Has anyone encountered a problem with, or have any ideas around, the
..\$MFT on NTFS becoming corrupted while using std:: ofstream? I had
some code that would run for a few days and suddenly crash the system,
and Windows XP would report the MFT was corrupt. The only thing to do
was reinstall Windows (it won't boot, even in safe mode).

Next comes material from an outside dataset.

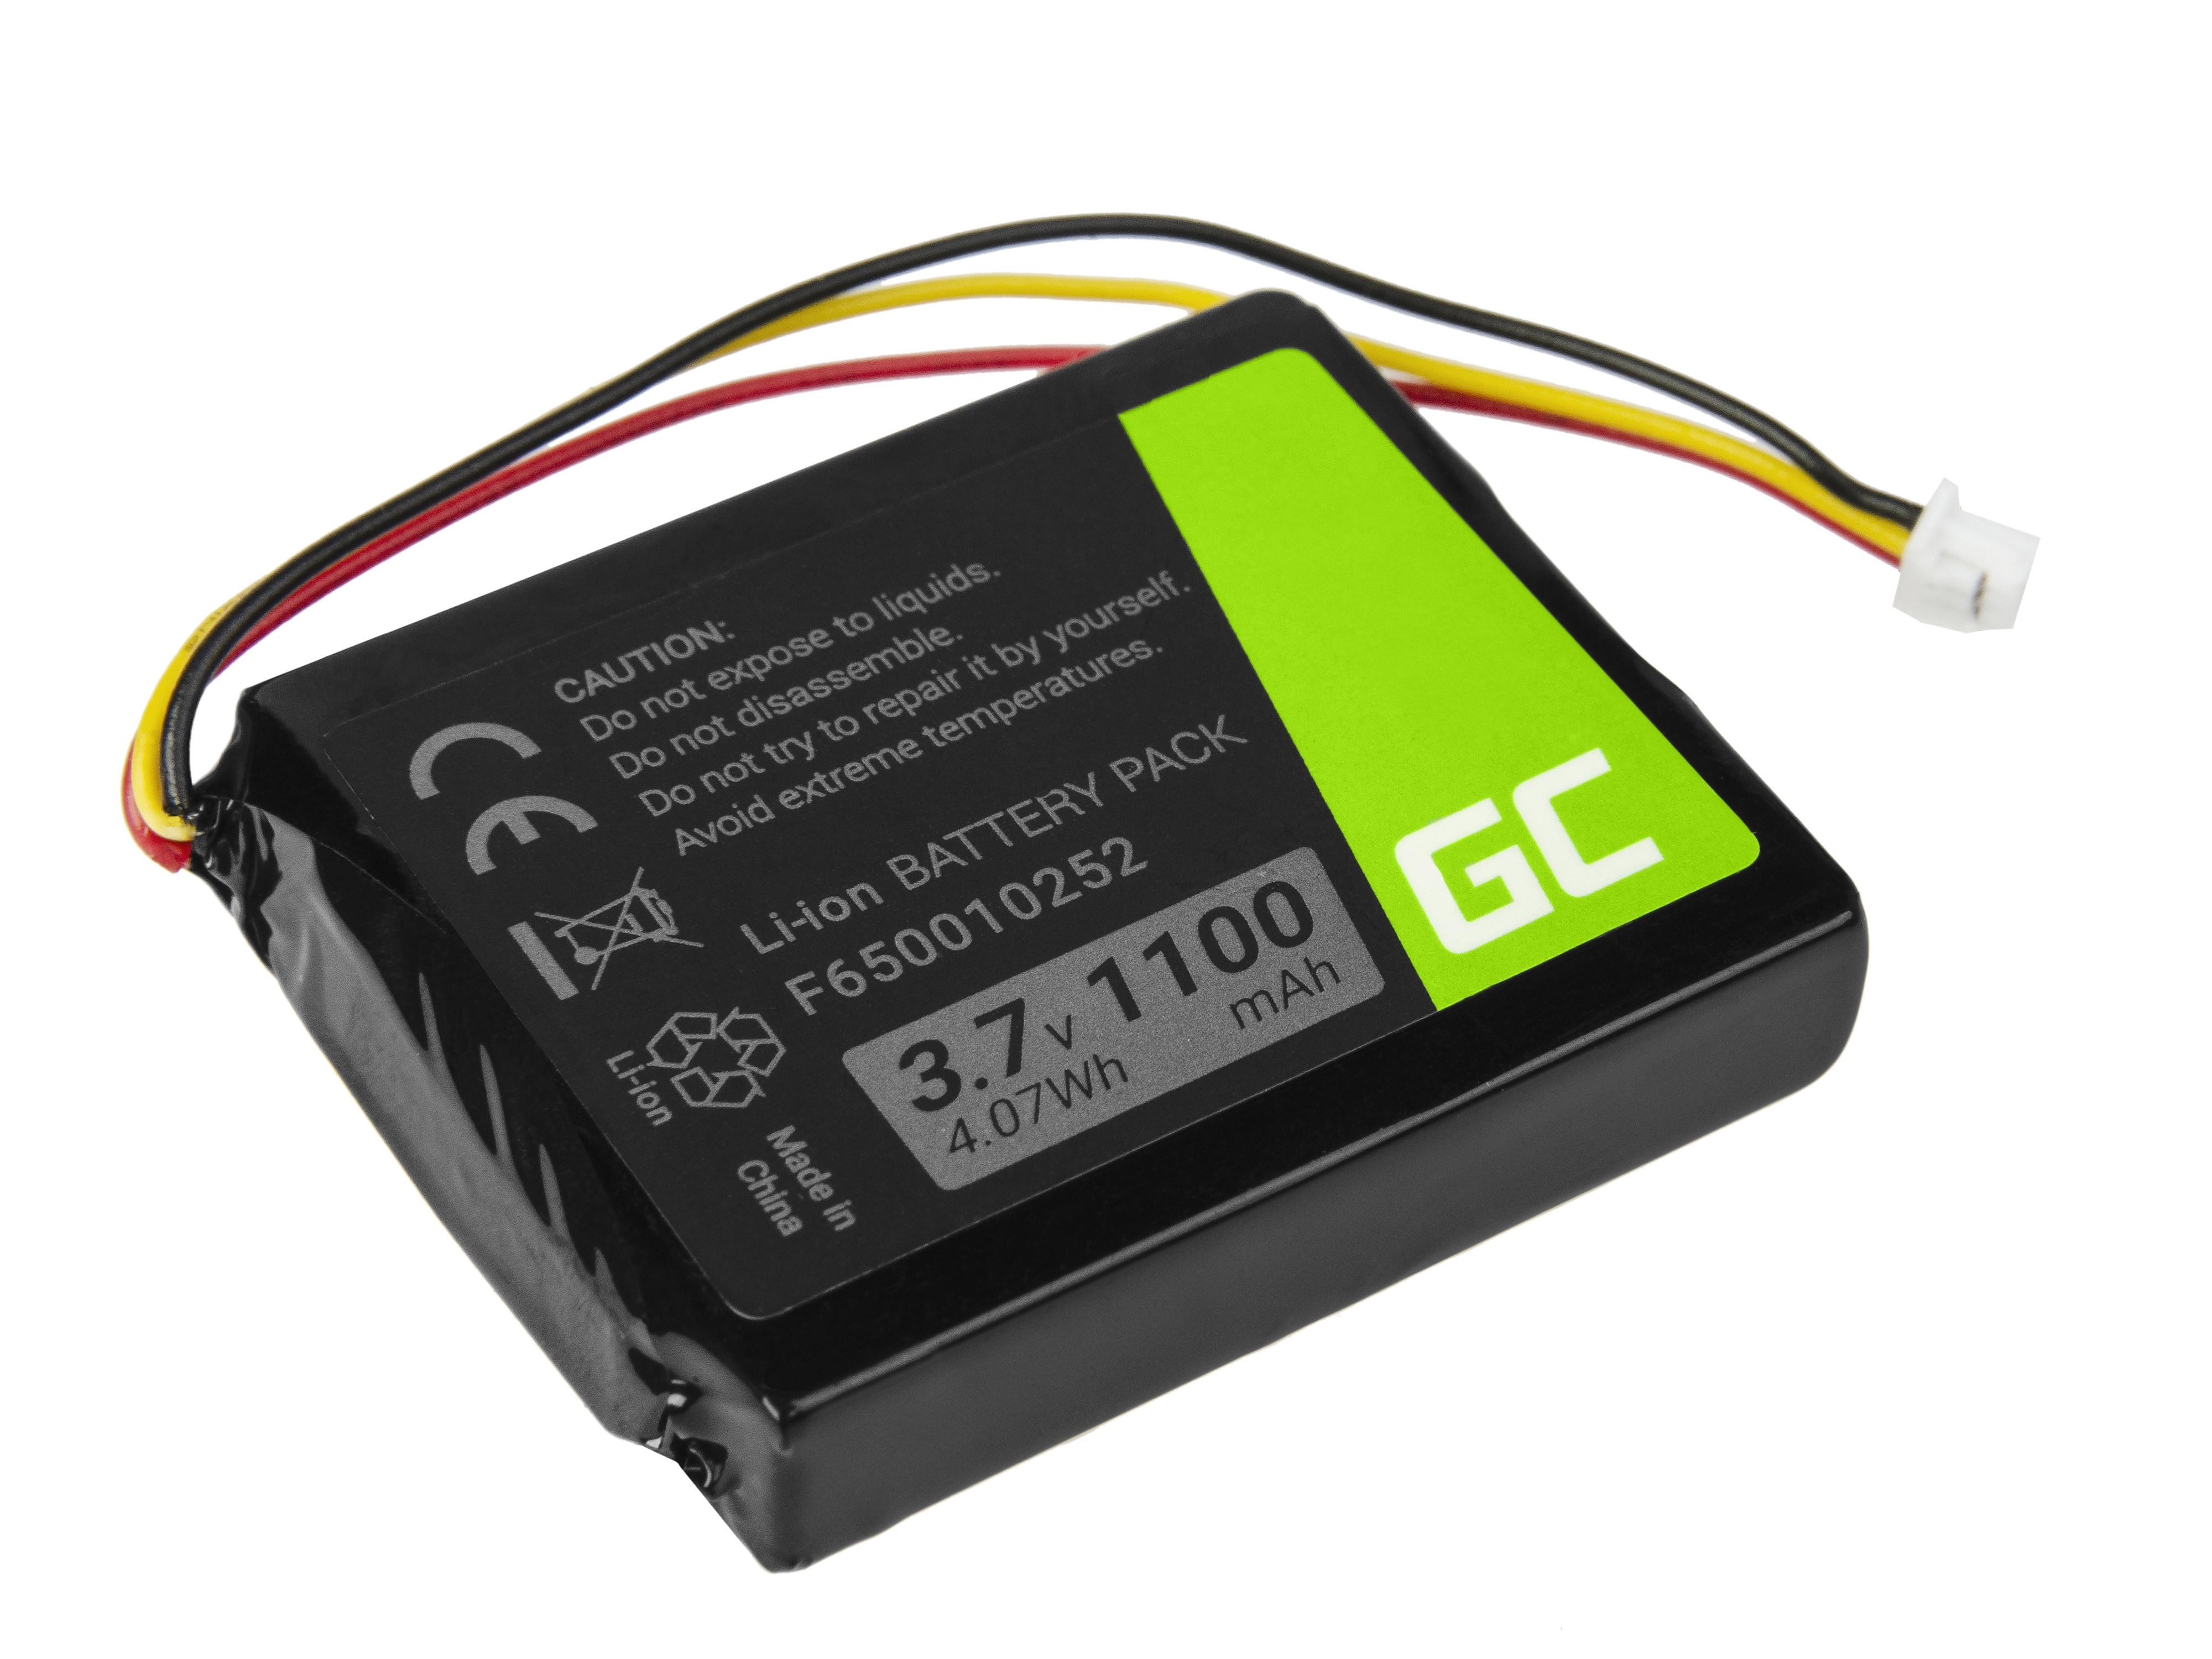 Green Cell Baterie TomTom F650010252 pro GPS TomTom NVT2B225 One Europe V2 V3 V5 One XL IQ Regional S4l Rider 1100mAh Li-ion - neoriginální

I've pared my code down to the offending portion... my code writes many
million small text files. When I reach approximately 25+ million files,
the corruption happens. I am no where near filling the disk. I've
eliminated short file names and increased the size of the MFT. This
problem happens on many different machine hardware configurations,
single/hyper/multi-processor machines with single/multiple/RAID drives
as well as flat directory and nested subdirectory situations (I've
tried a lot of stuff to narrow this down...).

A few more points:
I am well under the NTFS limit of >4billion files. As well, I've disabled short file names and expanded the size of the MFT as suggested by MSDN and http://www.ntfs.com I know it seems unusual, but the project dictates things be handled this way. In a nutshell, my module manages the placement of these small files within the directory structure; the requirements are such that many million small files will be placed within the structure. During testing, the hardware was crashing, not the software (though it ceased doing anything useful). I slowly whittled the problem down to a point where I was simply outputting 25+ million simple ASCII text files of the appropriate size (4 - 16K). It's been tested on many hardware combinations; all crash. I agree that it should not, but it is, repeatedly and reproducably.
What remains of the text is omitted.